Since it has become kind of a tradition for proponents of EH insertion
to have interesting interpretations of standards, let me repeat:

If you originate a packet, you can include you EHs (within the
constraints of RFC8200) because it is a *new* packet. That's not called
"insertion".

If you are not the origin of the packet, you cannot insert EHs in the
packet you received -- RFC8200 forbids EH insertion for the reasons
mentioned in the relevant threads.



> So on the very topic let me summarize the observations made in various
> emails: 
> 
> #1 
> *
> *
> *The draft in question doesn't comment on the most basic question: why do
> you want to do EH-insertion as opposed to encap/decap into a new packet?
> 
> I asked this question a number of times, and nobody answered.. Rumor on
> the corridors had it that it had to do with one specific vendors having
> issues (of some sort) with implementing this with doing encap/decap. --*  
> 
> Looks to me like FUD at best - just suffice to read (with understanding) 
> 
> draft-matsushima-spring-srv6-deployment-status-01

So you are telling me that the document that proposes EH insertion
doesn't contain the rationale for it, and we should go and look elsewhere?
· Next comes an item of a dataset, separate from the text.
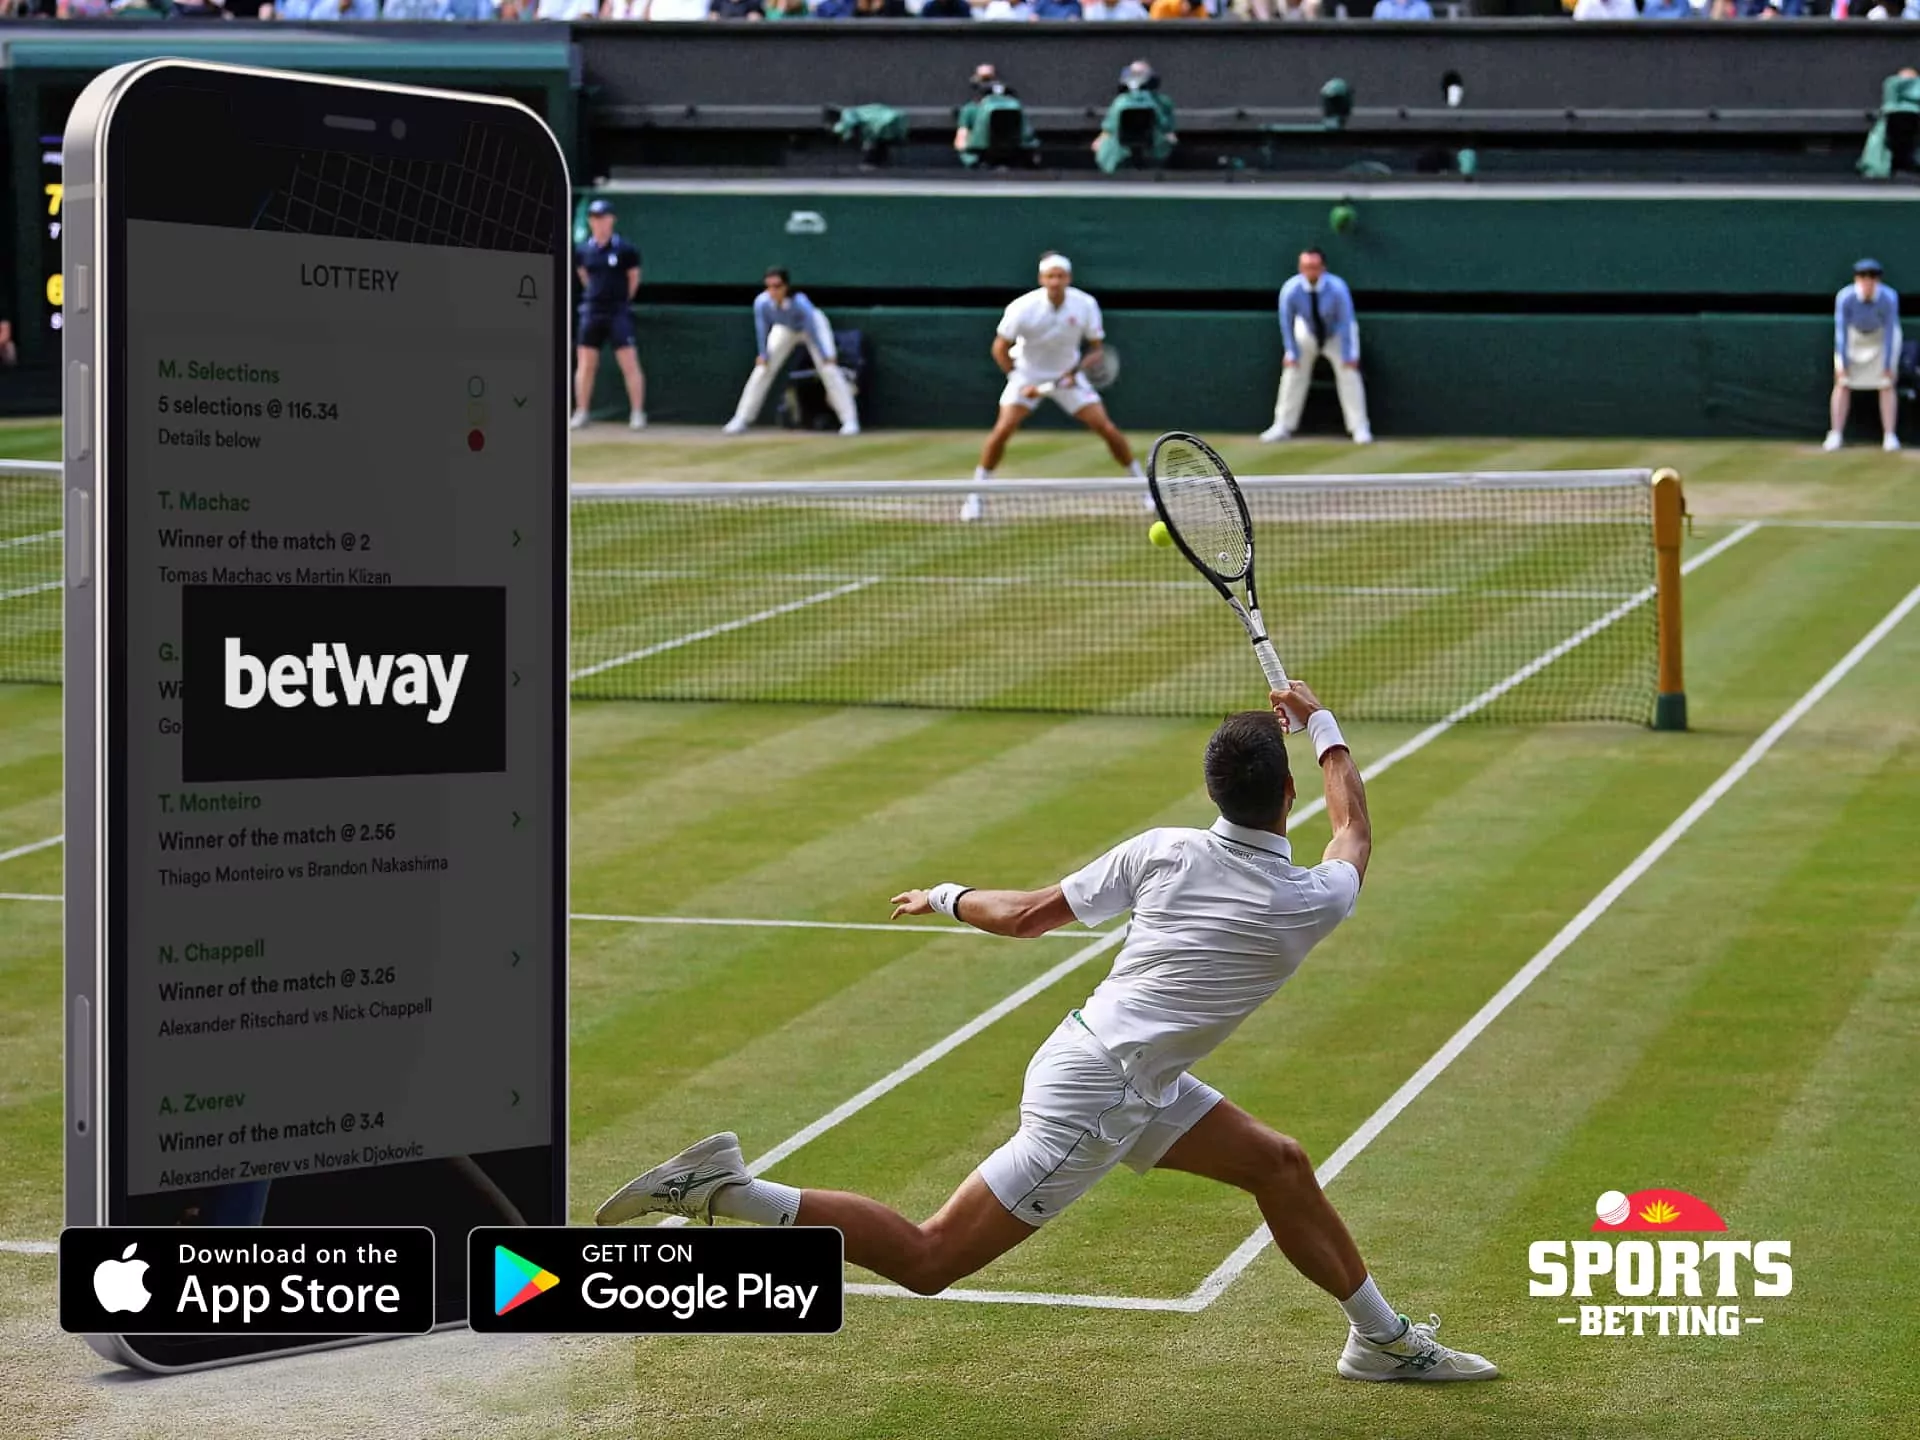 BetWay tennis betting site with a free betting club.

Besides, I've just looked at the I-D you reference. The only thing there
about insertion is that there are folks that have deployed it.

So.. let me try to understand: A vendor went ahead and implemented what
they pleased, violating existing standards. They now come to 6man and
claim that we should modify the standard because even when what they are
proposing is forbidden in our specs, they have already deployed it.

Are we being taken seriously?



> #2 
> 
> *EH insertion will increase the MTU of the packet. *

*and* attribution of the possible errors -- for whatever reason.

> 
> It sure will but as already stated this is done within a given domain so
> someone who is doing insertion better makes sure it is not causing
> packet drops. Otherwise his customers may be pretty unhappy. 
> 
> If you do EH insertion + encapsulation to my basic math skills it looks
> like you are creating even bigger packet. So you are more likely to face
> MTU bottleneck issues. 

The packet is bigger. But in the event of errors, they are delivered to
the originator of the packet. That's how our "architecture" works.




> # 4
> 
> *The draft doesn't say why insertion is considered necessary. There is
> no justification presented.  *
> 
> Well I can understand why one may say so if he does not follow years of
> FRR/LFA/R-LFA and now TI-LFA discussions. In a nut shell one technique
> of provide fast connectivity restoration is based on the fact of local
> repair with local bypass of the broken fragment of the network in a loop
> free manner. That requires some form of controlled packet steering
> around the failure. 

That doesn't answer the question. PLease let me rephrase: what are you
doing with EH insertion that you couldn't do with encap/decap?



> # 6 
> *
> *
> *EH insertion is entirely anonymous. If something breaks, you have no
> idea of which device inserted the EH. *
> 
> If inserted SRH contains the routable identified of the network element
> which inserted the header does this address this point ? 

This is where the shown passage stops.